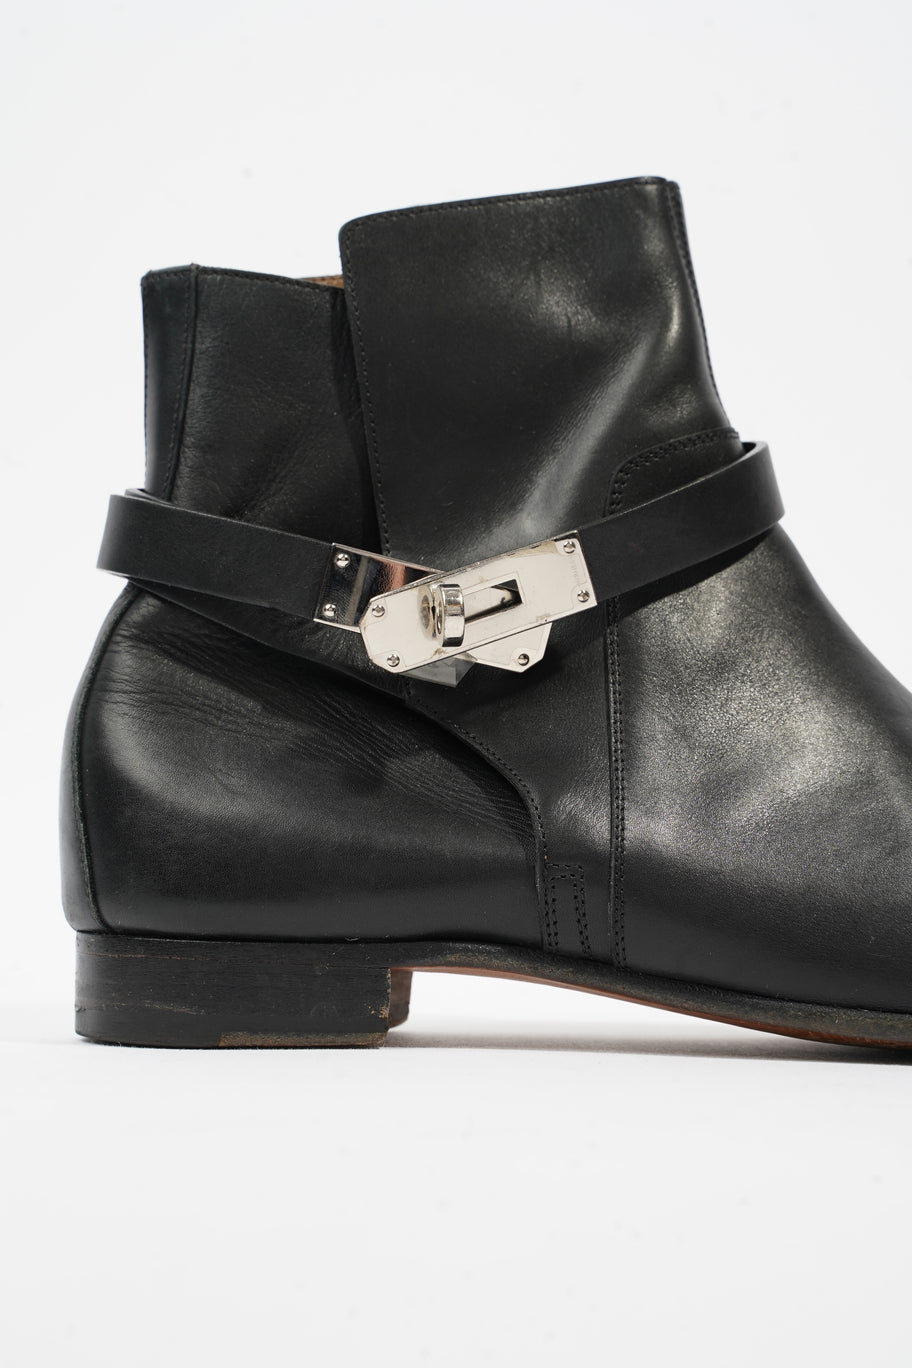 Neo Ankle Boot Black Leather EU 41 UK 8 Image 11
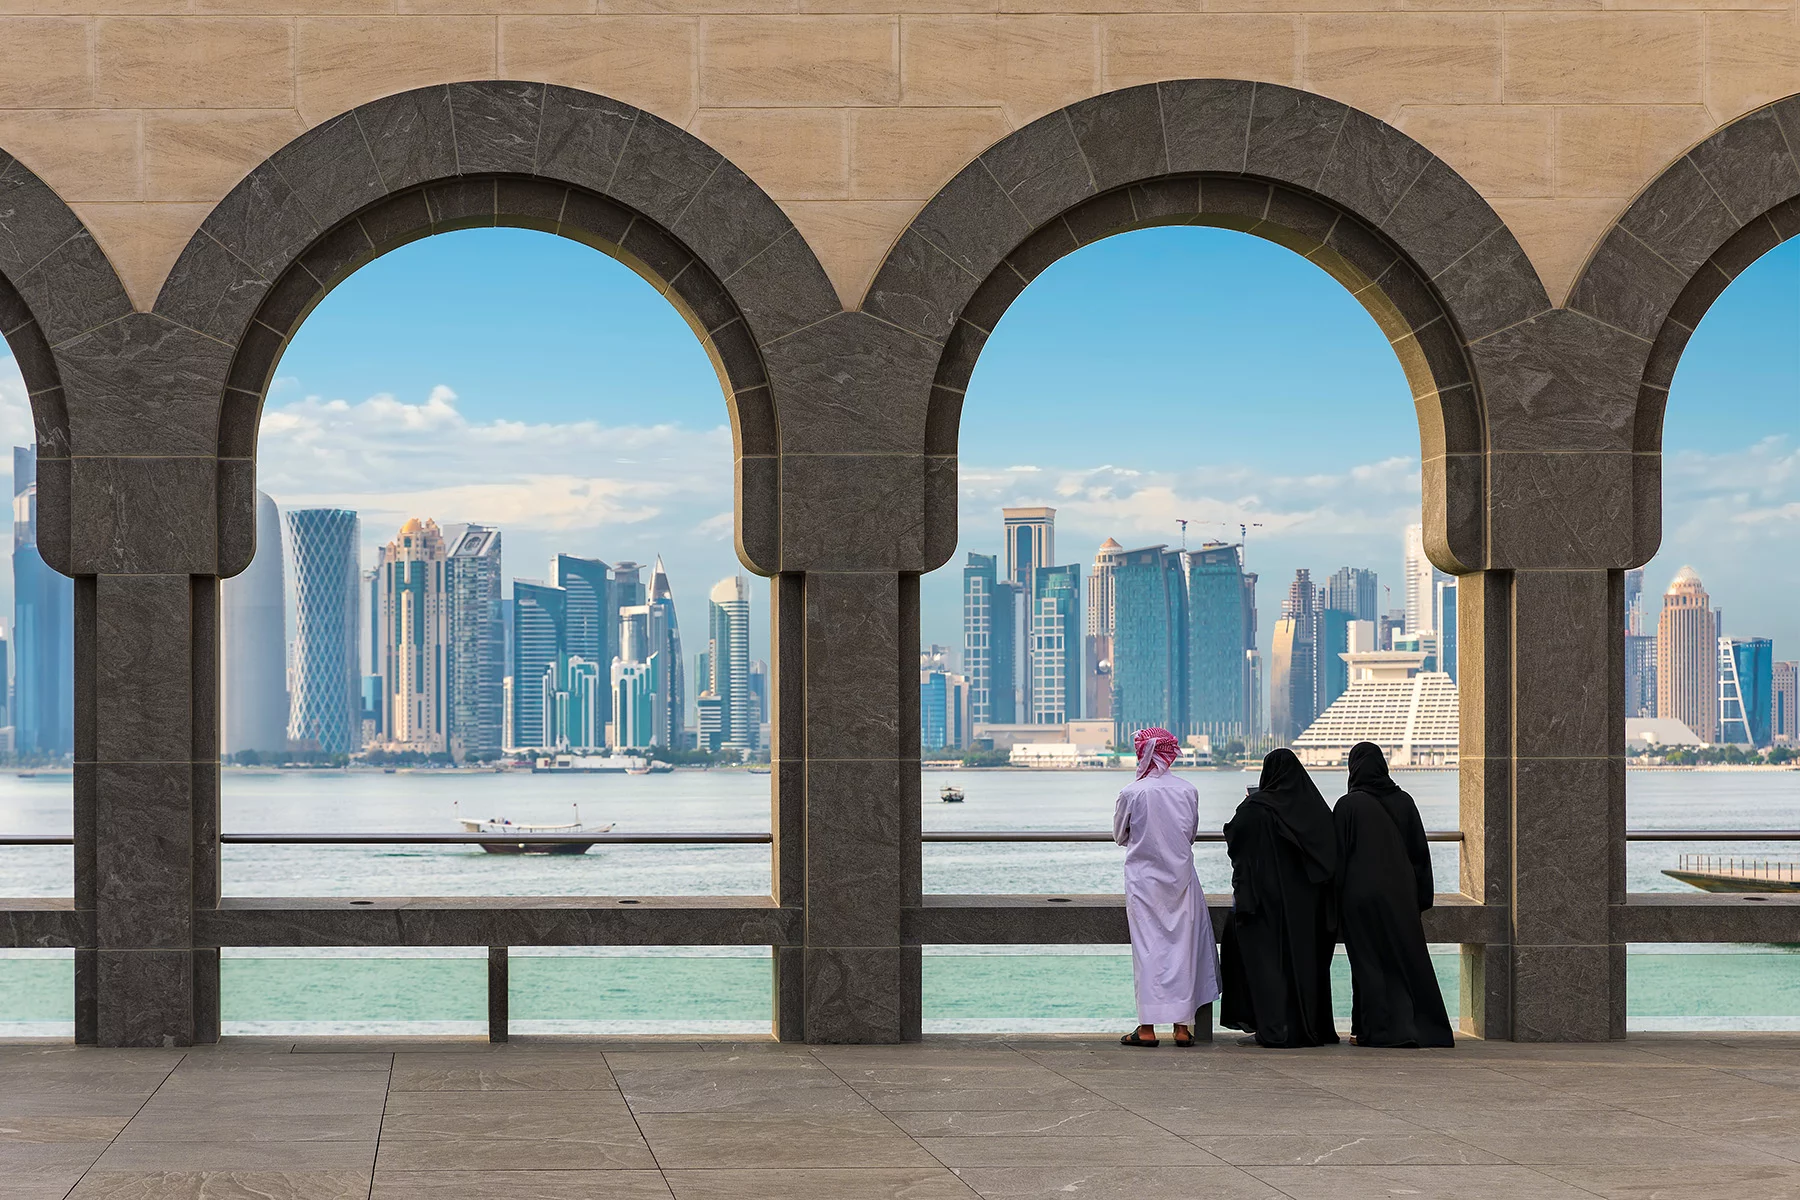 Qatari people wearing traditional dress
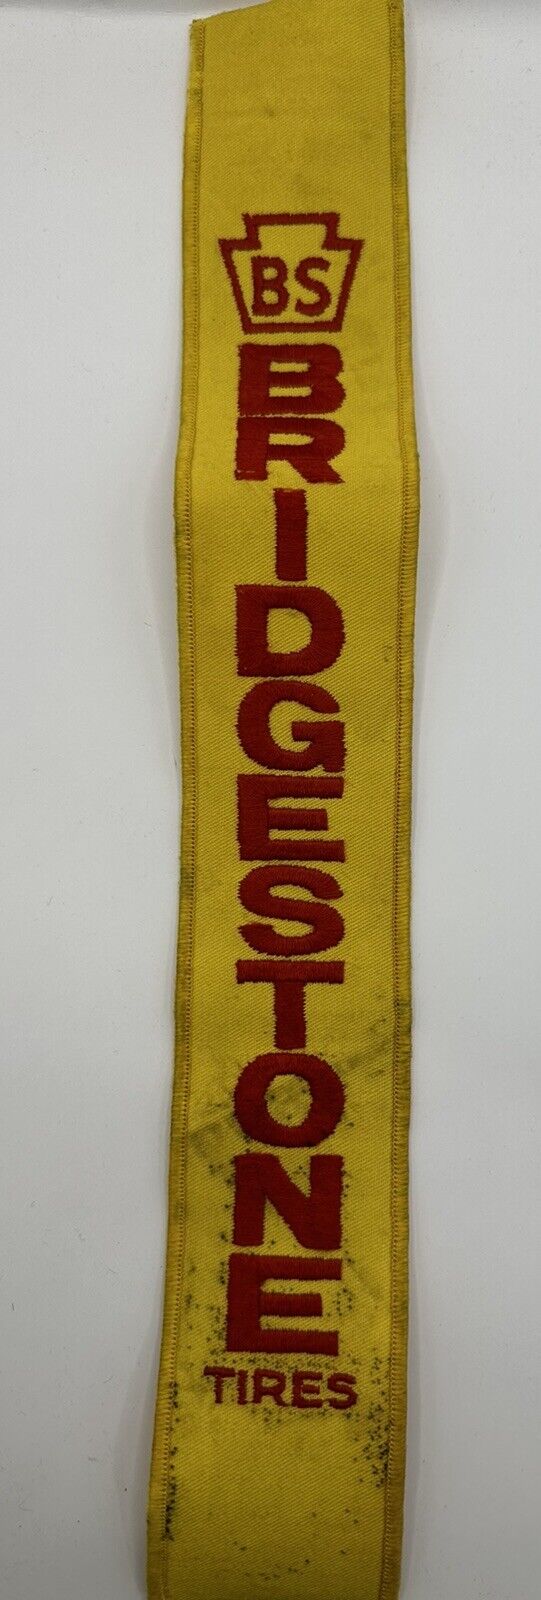 Bridgestone BS Iron On Patch Vintage Rare Yellow Vertical Large 14X2 Inches
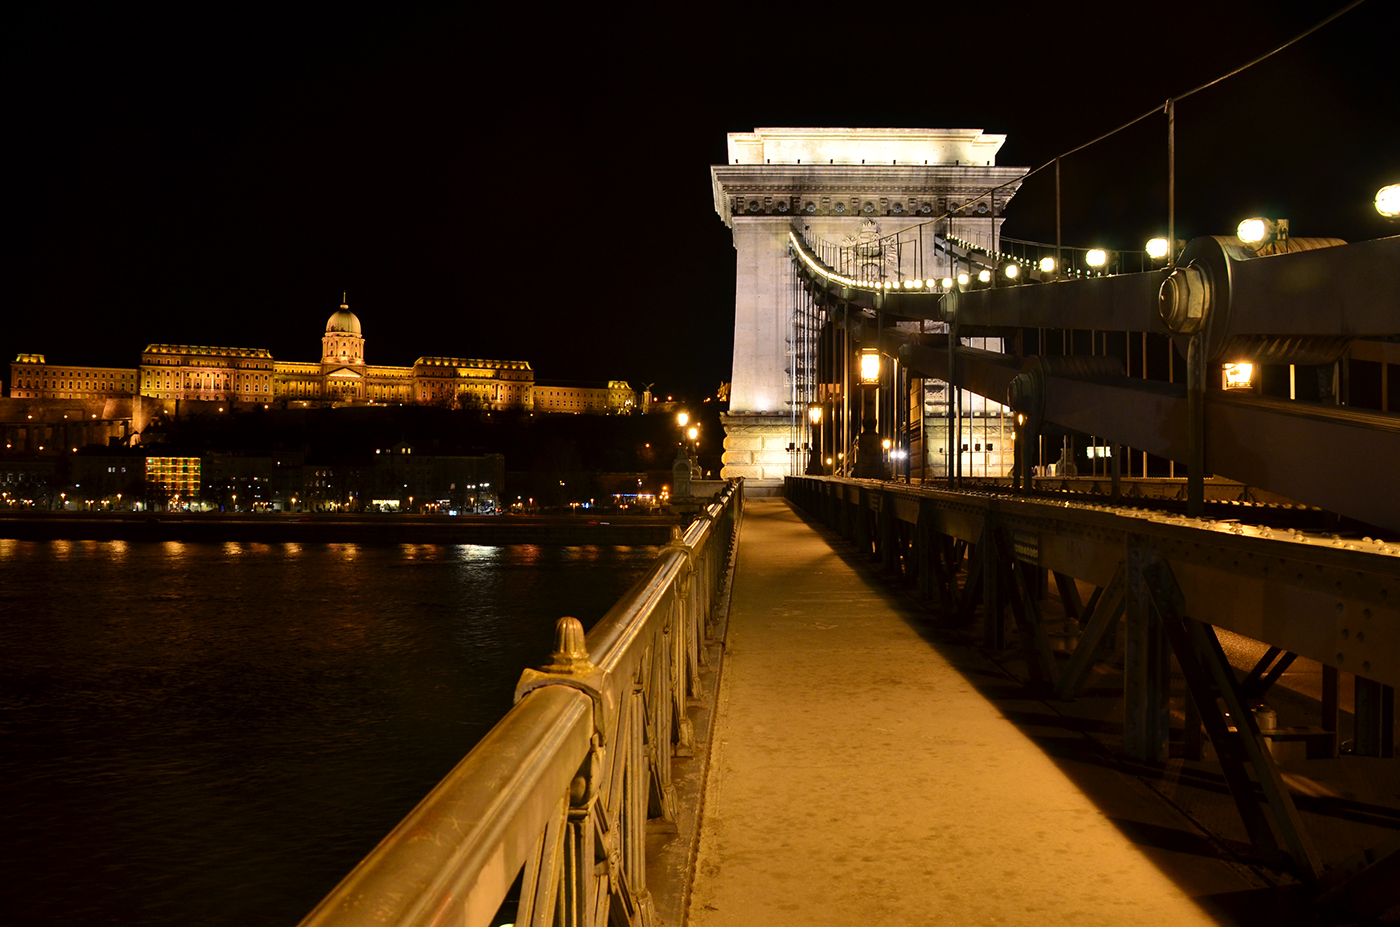 budapest Danube river night photos Suspension Bridge Europe hungary World Travel suspension bridges lights Slow shutterspeed

:::::

Try it: A verbatim copy of the material is needed; pictures are not to appear in it.

Written answer:
 Neo Ankle Boot Black Leather EU 41 UK 8 Image 11
 Qatari people wearing traditional dress
 Bridgestone BS Iron On Patch Vintage Rare Yellow Vertical Large 14X2 Inches
 budapest Danube river night photos Suspension Bridge Europe hungary World Travel suspension bridges lights Slow shutterspeed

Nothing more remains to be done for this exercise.